As the New York Times reported, the FDA explained: Trying to stem the scourge of prescription drug abuse, an advisory panel of experts to the Food and Drug Administration voted on Friday to toughen the restrictions on painkillers like Vicodin that contain hydrocodone, the most widely prescribed drugs in the country.
The recommendation, which the drug agency is likely to follow, would limit access to the drugs by making them harder to prescribe, a major policy change that advocates said could help ease the growing problem of addiction to painkillers, which exploded in the late 1990s.
My comment then:
Chronic pain? No matter. Just suffer a little bit.
And, no, this won’t achieve anything. There will just be something else.
Lessons have not been learned.
“States are enacting strict limits on the number of powerful prescription painkillers doctors can prescribe, a move that many believe will help fight the opioid crisis but has raised alarms among some physicians.“
Writing for the American Council on Science and Health, Josh Bloom notes that Oxycontin in its abusable (pre-2010) format had been “a significant driver of opioid addiction since its introduction in 1996”, but he also notes the “fallacy that is now all but “fact” is that opioid pills are now responsible for the surge in overdose deaths in the US”, but:
A bit of digging around on the NIH [National Institute of Health] site tells us otherwise
Between 2010-2015 [annual] opioid overdose deaths in the US increased by 65%, roughly 13,000. And even a cursory examination … shows that increase was entirely due to injectable drugs like heroin or fentanyl.
From an earlier (November, 2016) piece by Bloom:
Once abuse-resistant OxyContin (pure oxycodone, the opioid medication in Percocet) was approved in 2010, its use immediately declined by 66 percent.
But, between that time and 2013, overdose deaths from heroin (more accurately heroin and/or fentanyl) more than doubled, as addicts were forced to turn to these cheaper, more available, and more dangerous drugs.
To deny that there is an opioid crisis would be lunacy, and it’s unsurprising to see commenters asking Bloom what he would do.
Here’s his ‘lead’ answer:
This is both easy and difficult. The “easy” part is admitting that harsh restrictions on prescription opioids have provided no benefit, only harm, especially to pain patients.
The entire 2016 CDC Guideline for Prescribing Opioids for Chronic Pain has to be thrown out.
The CDC and PROP premise that limiting prescriptions will prevent pain patients from becoming addicted is clearly wrong.

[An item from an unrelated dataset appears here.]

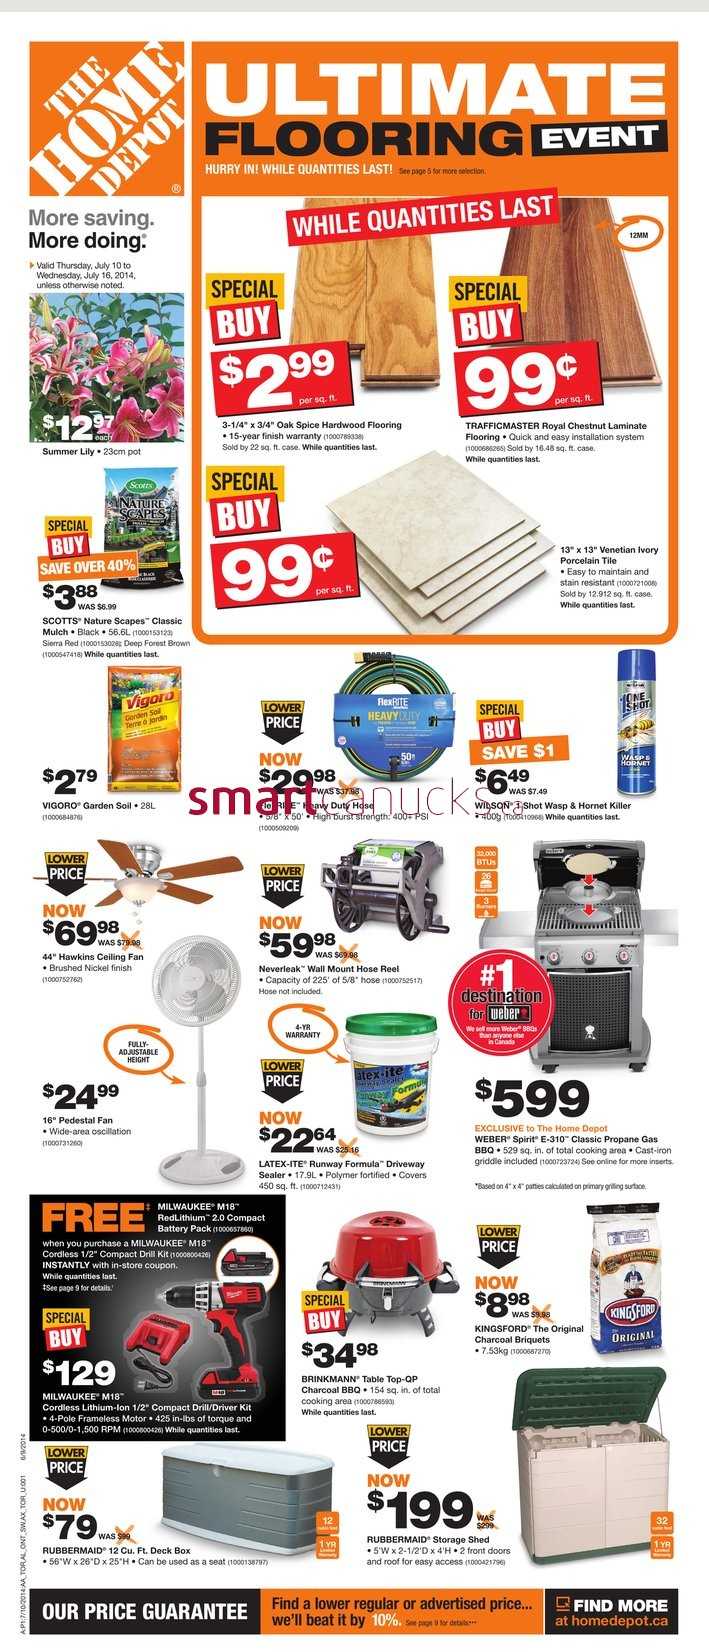 Home Depot Canada Photos and Images

The data that I showed proves that it does nothing of the sort
Addiction to opioids in pain patients – even those who have been treated long term- is rare, and there is plenty of evidence to support this.
Addiction arises from *recreational*, not therapeutic use of the drugs.

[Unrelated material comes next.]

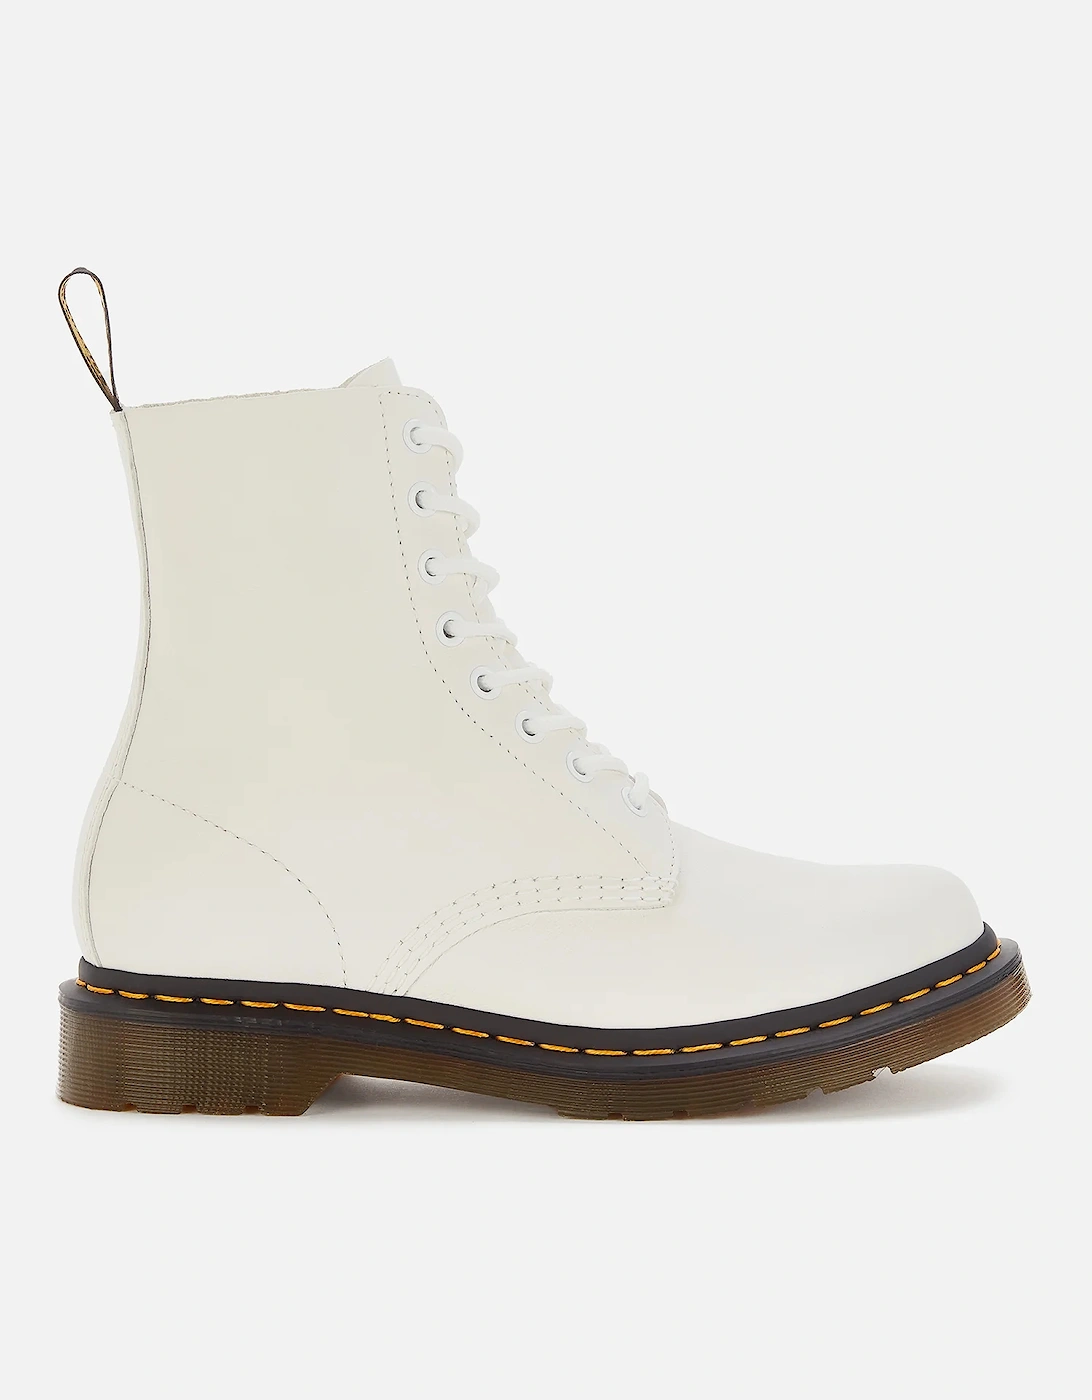 Dr. Martens Women's 1460 Pascal Virginia Leather 8-Eye Boots - Optical White - Dr. Martens - Home - Designer Brands A-Z - Dr. Martens - Dr. Martens Women's 1460 Pascal Virginia Leather 8-Eye Boots - Optical White

While pill mills must be shut down, the government must stay out of the doctor’s office.
There cannot be arbitrary limits on dose or number of pills.
Doctors who act in good faith should not have to worry about getting on a DEA list (they do). Patients with real needs should NOT have their doses involuntarily tapered down.
This is barbaric.
The care of patients is none of the government’s damn business. Loosening the tight restrictions on prescribing meds for pain patients and the physicians who treat them is essential.
These new laws and policies punish the innocent to protect the guilty.
For those already addicted, there is no easy answer. With fentanyl replacing heroin, addicts will die sooner or later. It is inevitable.
If this takes wider use of methadone to stem this tide, so be it. The Puritanical objection to “replacing one drug for another” may sound appealing, but this is real life. Harm reduction, not philosophy is what is crucial.
The war on drugs has never been won. Carrying it out on the backs of the sick and injured is inhumane.
As to what should be done, that is an enormously difficult question, and it is a question that is likely to become even more acute.
As automation creates ever higher levels of structural unemployment and—don’t forget it— underemployment, more and more people will try to devise more pleasant alternative realities for themselves, perhaps by losing themselves in video games, or maybe by turning to whatever Soma they can find.
More intelligent people can see the epidemic is one of addiction, not a particular drug, and the rise in addiction is related to societal issues that will worsen over time unless our country’s politicians make some big changes.
I don’t have an answer to this, but I do know that politicians who pretend that they do are making matters very much worse.